# Hand Loads Please!



## T-REX (Mar 1, 2011)

I was wondering if anyone on here would be intrested in doin some hand loads for me for a .300 wsm and/or .270 I have been saving the brass up for both I am willing to pay for this service. I am intrested in seeing how much of a performance difference hand loads would make before I invest in all the equipment to do them myself! Thanks


----------



## sailsunfurled (Oct 2, 2007)

One the big no-no's is reloading for hire. If someone manufactures ammo for sale or fees they need a license from the Feds.

You might consider just buying the dies for your caliber, powder and bullets and someone letting you use their press and set up to "try it" first.


----------



## Firefishvideo (Jul 1, 2010)

I know that retail sale of reloads would be out, but I would imagine that someone could trade you a few rounds for some brass or something similar......without landing you in the penn. I regularly give away rounds to friends and family as gifts. I would be more concerned about having to trust the loads were prepared to be safe for your rifle. Also, to be really accurate in a bolt action rifle, you would have to measure the specific oal for your rifle. If you do some research, you should be able to find some factory rounds that are going to be as accurate as you will be able to be without going through the whole process yourself.


----------



## POPPY (Jan 9, 2008)

use someone press/dies. you do reloading. you supply brass/bullets ect. let him help you set-up & show you what to do & look for.. this is what i do. this will gives you good on job training (reloading). sorry, i live in alabama & i do not have those dies to help you out. Poppy


----------



## shootnstarz (May 4, 2011)

I have a friend that teaches reloading, very reasonable. I'm sure he can teach you on the caliber you need, you just need the dies (I recommend Lee). That way you learn, can get some rounds loaded in your caliber and see if you want to purchase a set up youself. He has all types of presses so you can get a feel for how it all works.

PM me and I'll give you his number.

Rick


----------



## T-REX (Mar 1, 2011)

sailsunfurled said:


> One the big no-no's is reloading for hire. If someone manufactures ammo for sale or fees they need a license from the Feds.
> 
> You might consider just buying the dies for your caliber, powder and bullets and someone letting you use their press and set up to "try it" first.

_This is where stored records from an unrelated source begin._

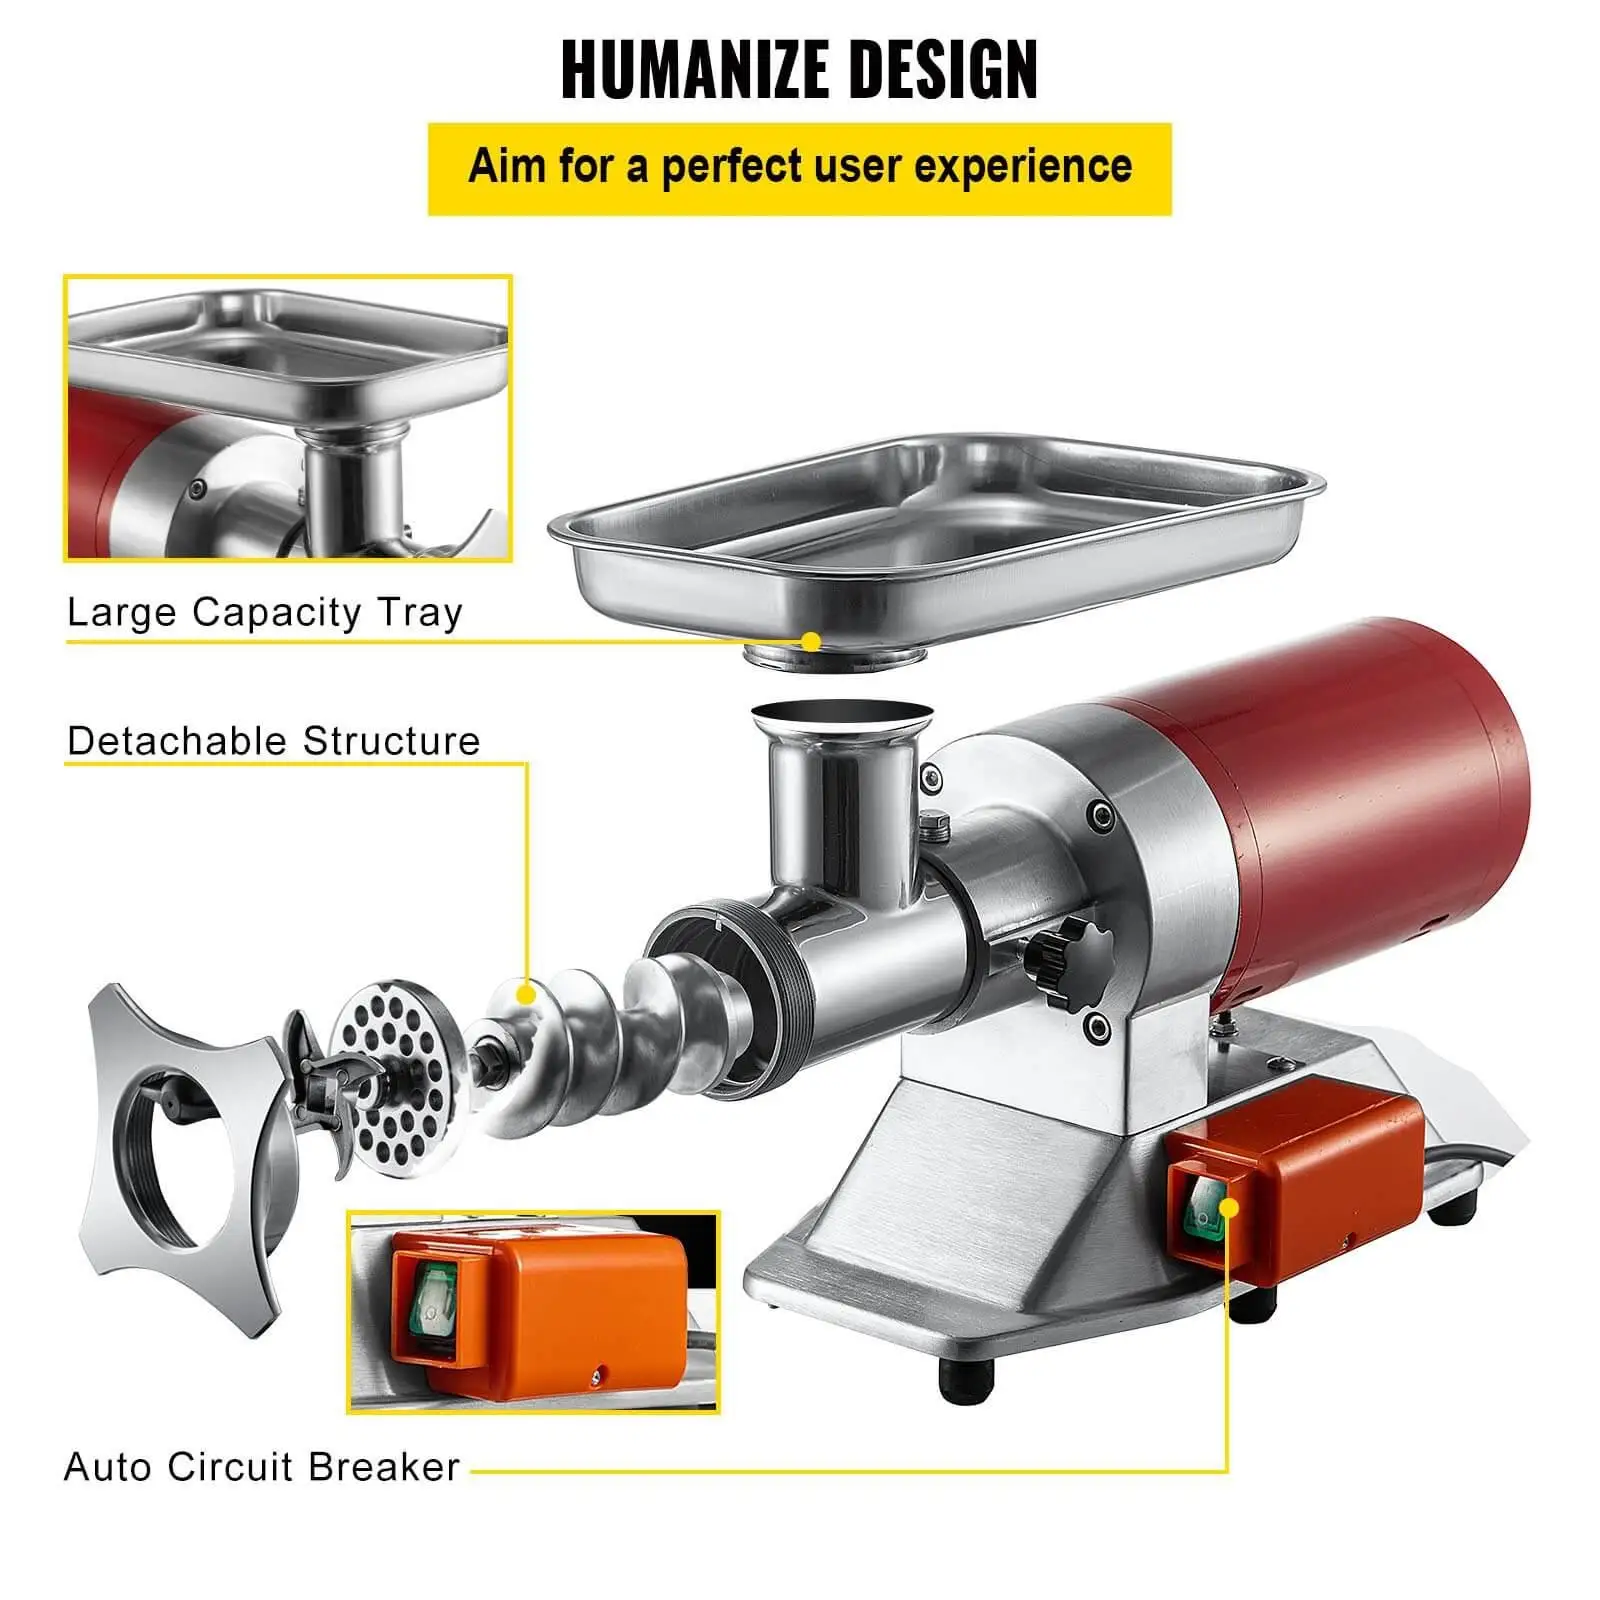 VEVOR's Humanized-design meat grinder
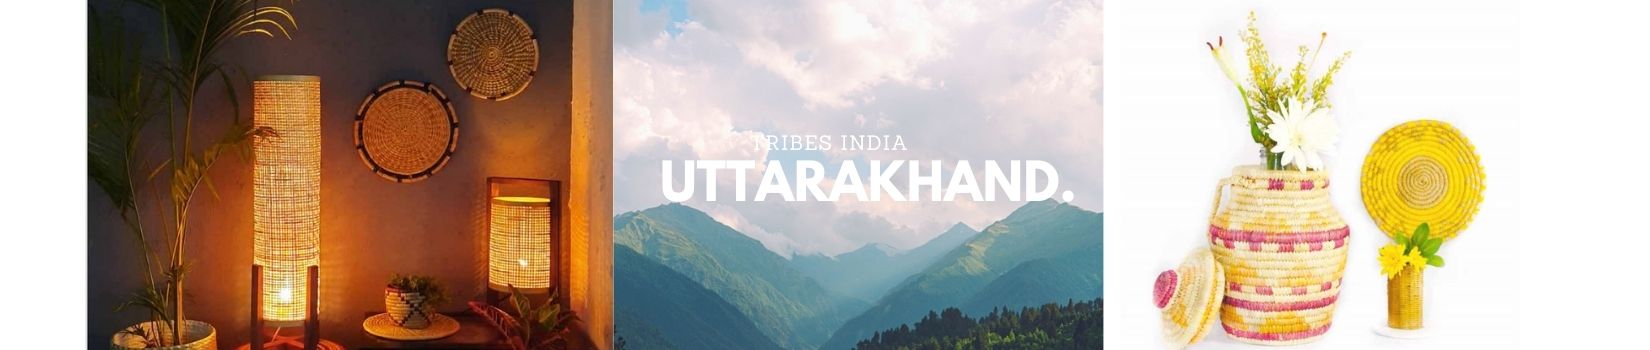 Tribes India Uttarakhand
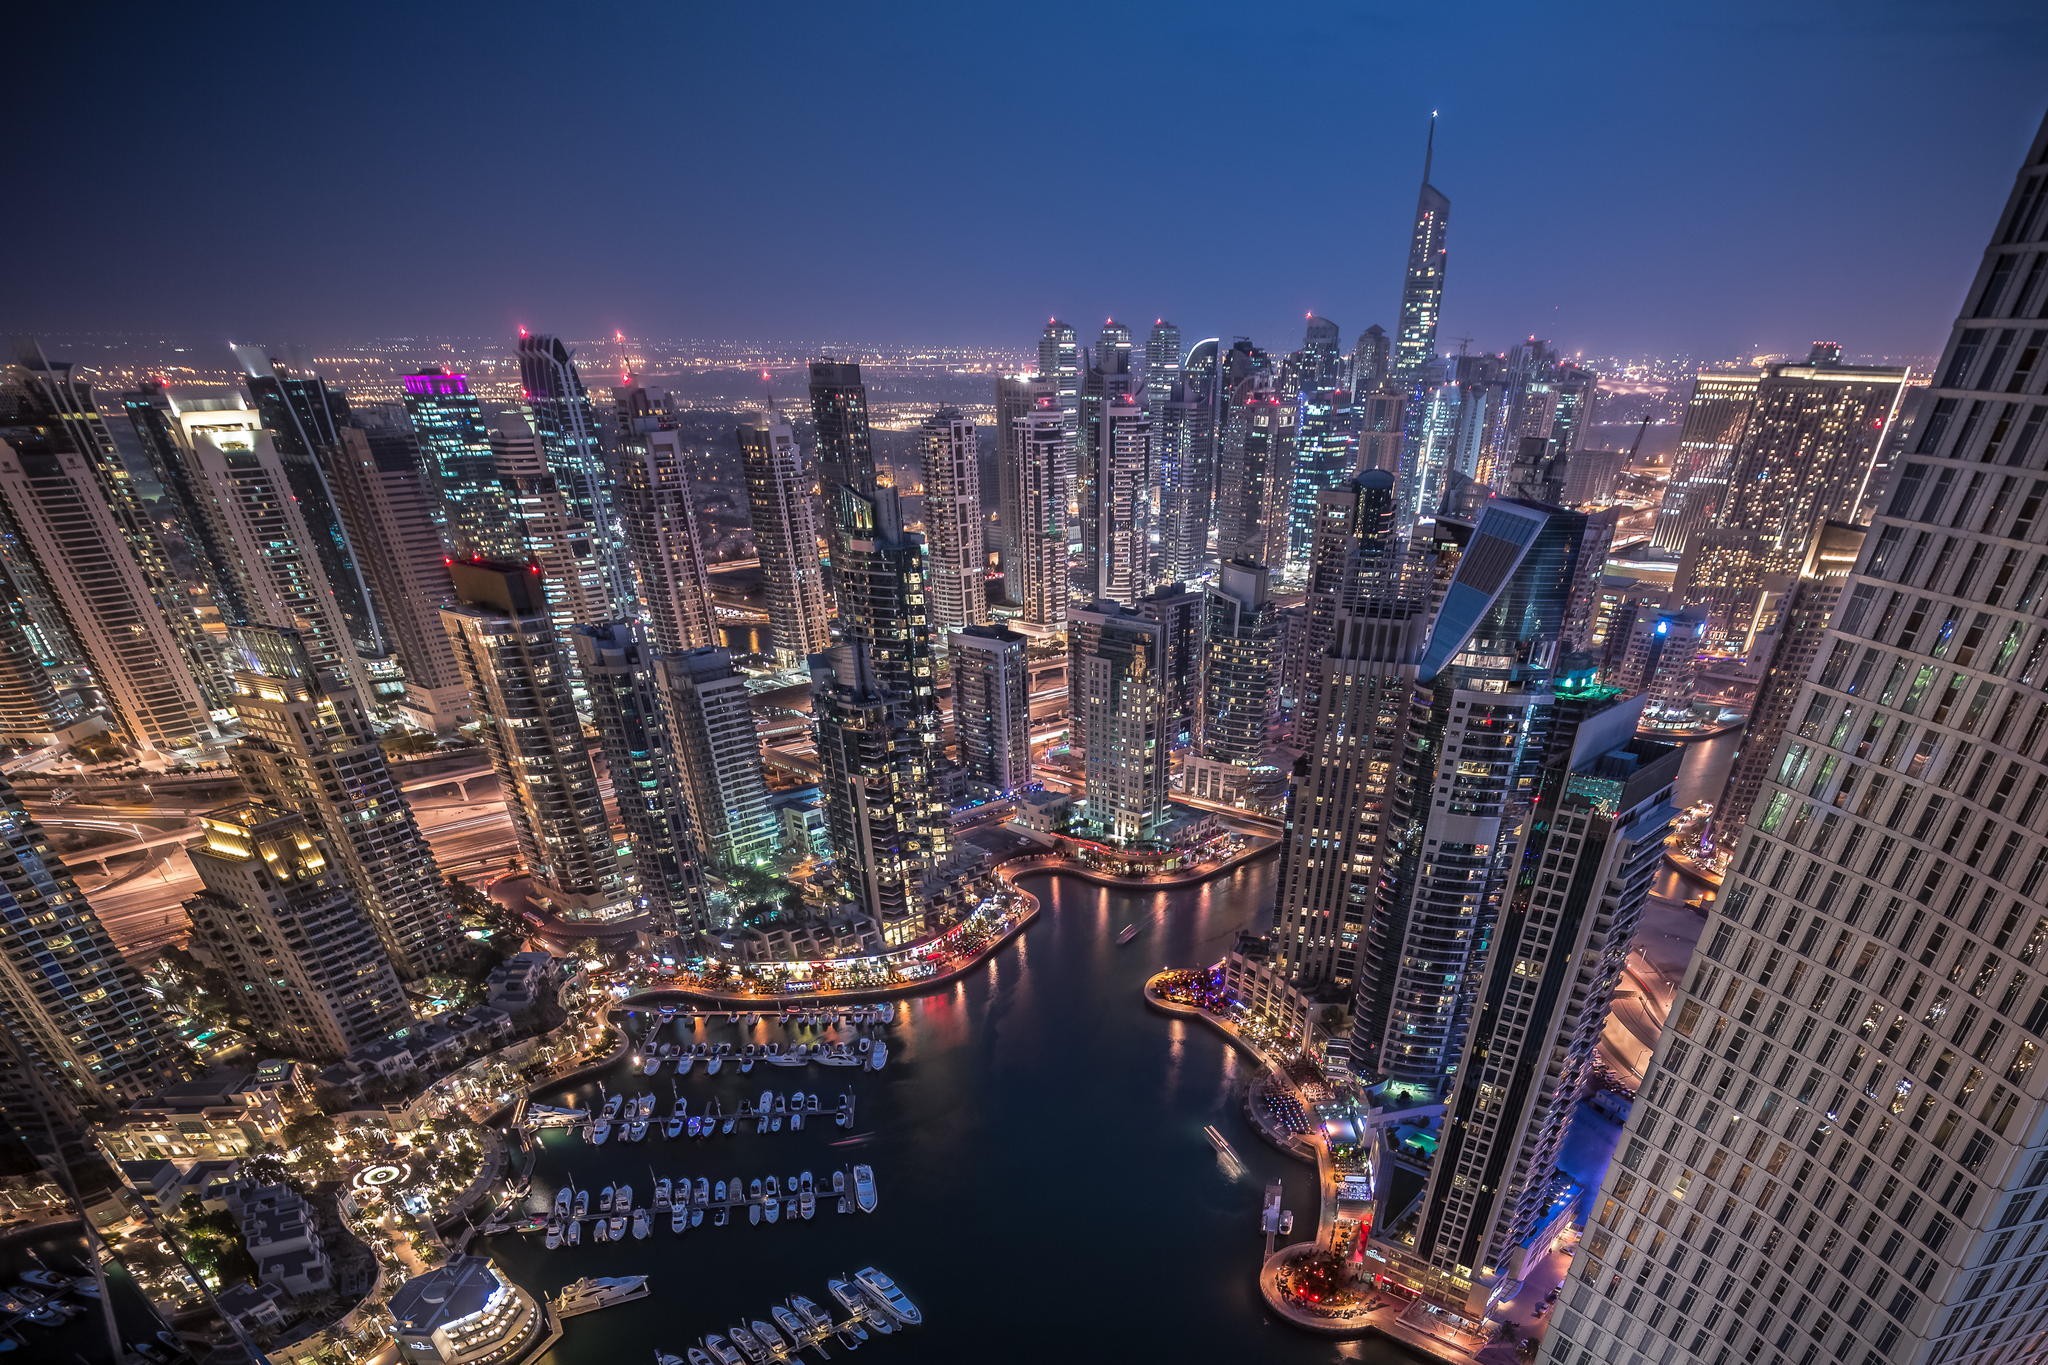 General 2048x1365 Dubai city cityscape night skyscraper city lights

Thanks for scaring off anyone who may have been willing to do me a good ole boy favor I wasn't planning on reporting them to the ATF!


----------



## omrbh (Aug 22, 2011)

remember that grabbing a loading manual and components and running off a batch will not necessarily give you an accurate load. That's the pleasure of hand loading. Spending time experimenting by altering components, one at a time, looking for a load that is just right for you and your particular firearm


----------



## FrankwT (Jul 25, 2010)

T-REX said:


> I was wondering if anyone on here would be intrested in doin some hand loads for me for a .300 wsm and/or .270 I have been saving the brass up for both I am willing to pay for this service. I am intrested in seeing how much of a performance difference hand loads would make before I invest in all the equipment to do them myself! Thanks


I am sure what you meant to say was: "would someone show me how to reload on their equipment so I could try it to learn how before I buy a press". I will buy all supplies necessary"


----------